Proc. Natl. Acad. Sci. U.S.A. 2004 May;101(18):6957-62

As more and more structures of macromolecular complexes get solved in different conditions, it has become apparent that flexibility is an inherent part of their biological function. Normal mode analysis using simplified models of proteins such as the elastic network model has proved very effective in showing that many of the structural transitions derived from a survey of the Protein Data Bank can be explained by just a few of the lowest-frequency normal modes. In this work, normal modes are used to carry out medium- or low-resolution structural refinement, enforcing collective and large-amplitude movements that are beyond the reach of existing methods. Refinement is carried out in reciprocal space with respect to the normal mode amplitudes, by using standard conjugate-gradient minimization.
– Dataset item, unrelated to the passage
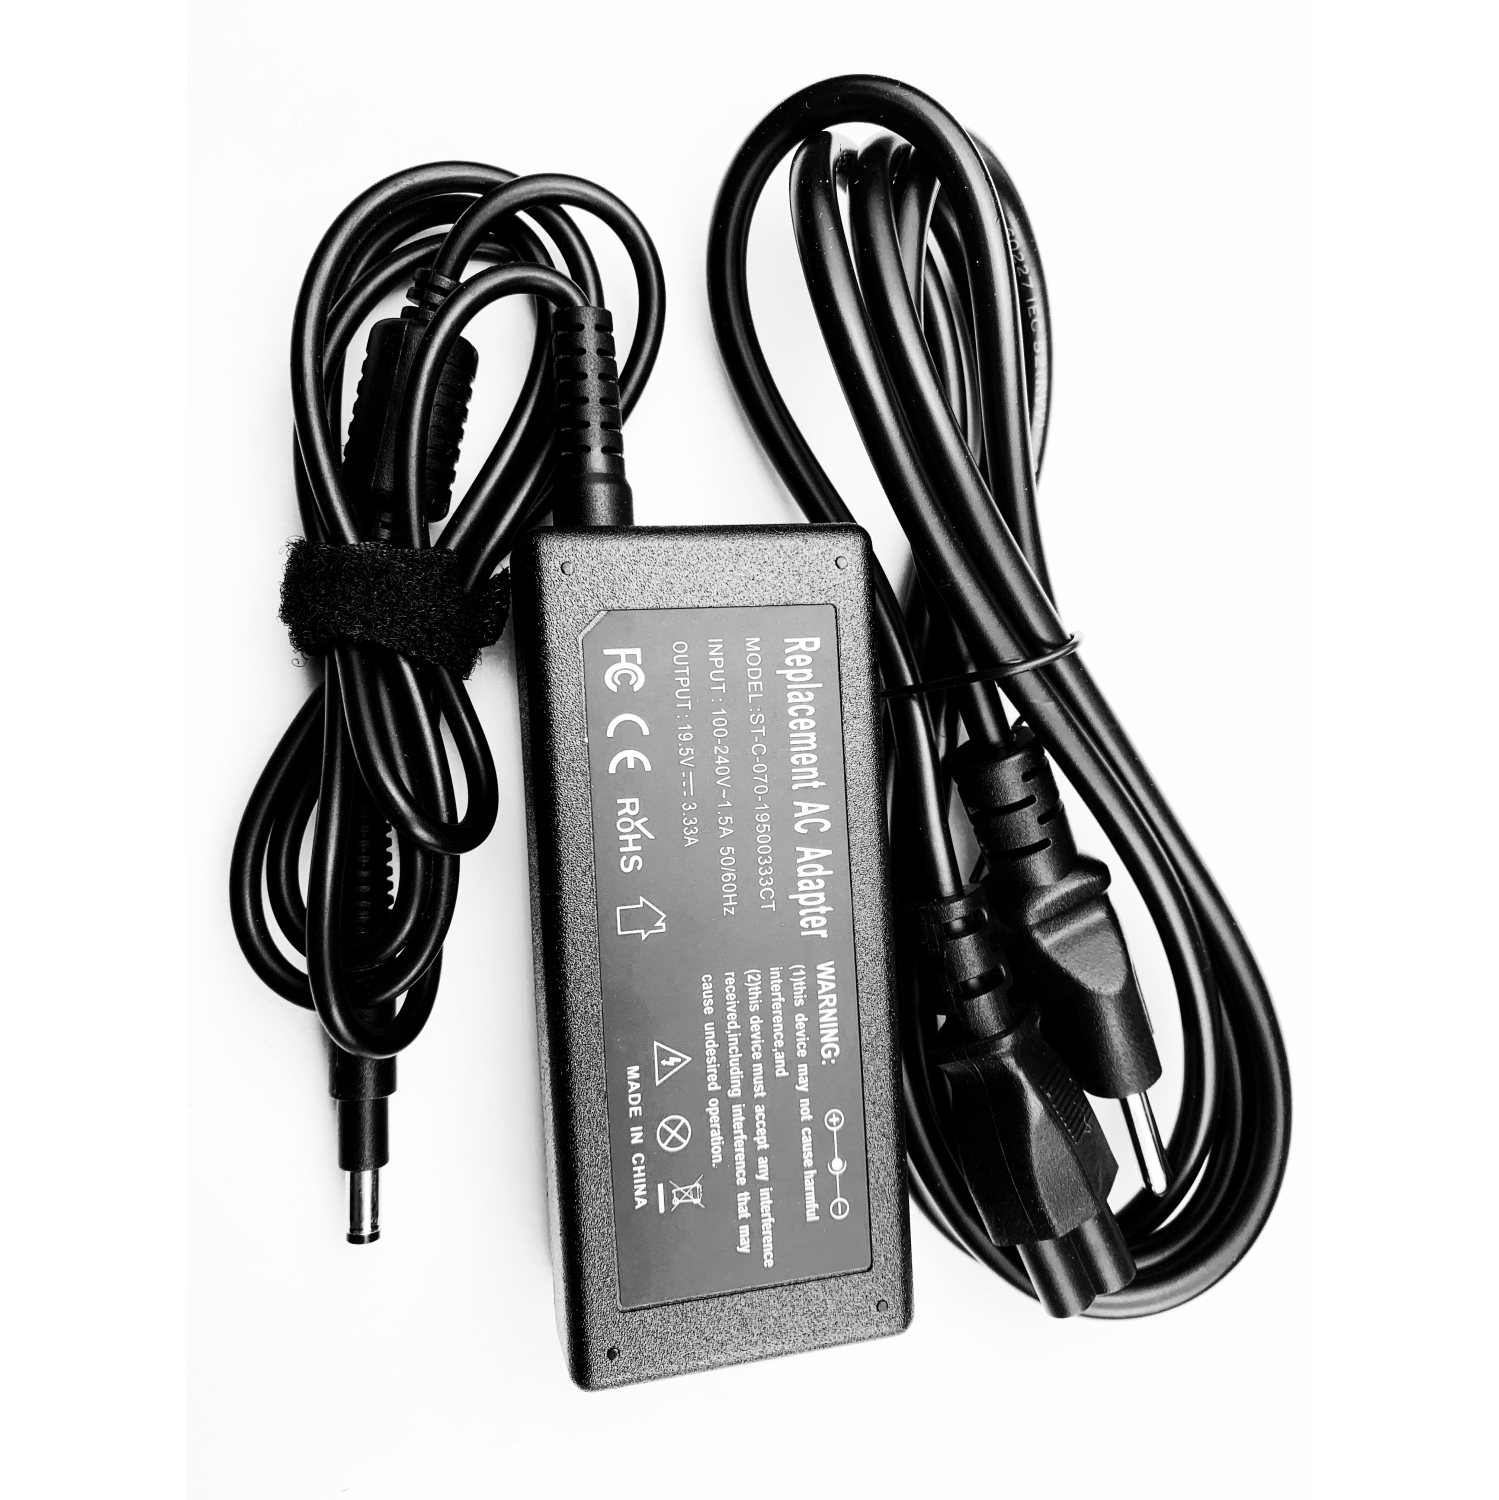 19.5V 65W 4.75mm x 1.7mm new AC adapter power cord charger for HP Envy 13 Pvilion Sleekbook 14 15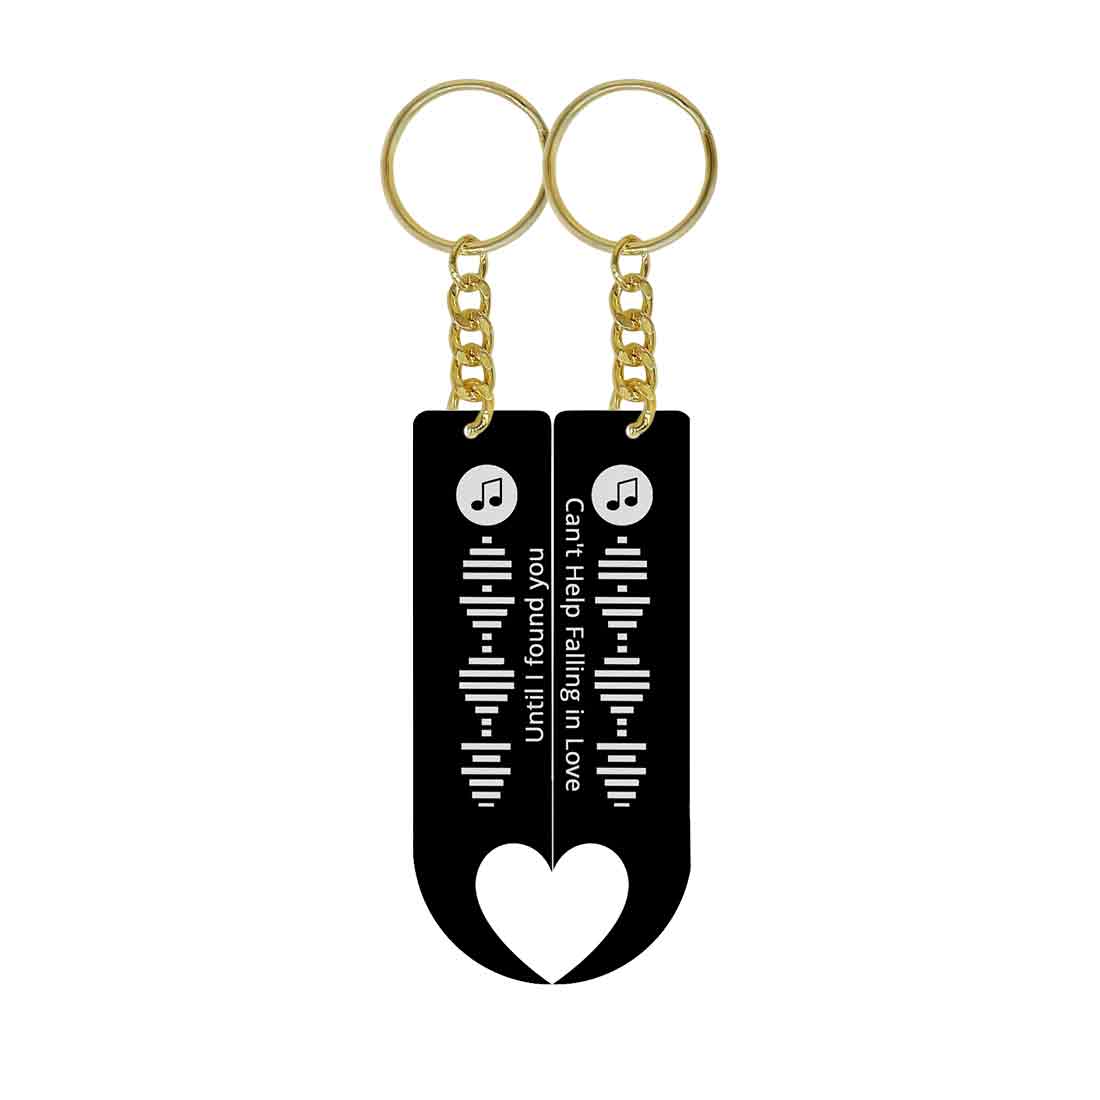 Couple Key Ring Keychain for Couples-Set of 2

Several tests on synthetic diffraction data whose mode concentration follows the one of real movements observed in the Protein Data Bank have shown that the radius of convergence is larger than the one of rigid-body refinement. Tests with experimental diffraction data for the same protein in different environments also led to refined structural models showing drastic reduction of the rms deviation with the target model. Because the structural transition is described by very few parameters, over-fitting of real experimental data is easily detected by using a cross-validation test. The method has also been applied to the refinement of atomic models into molecular envelopes and could readily be used to fit large macromolecular complex rearrangements into cryo-electron microscopy-reconstructed images as well as small-angle x-ray scattering-derived envelopes.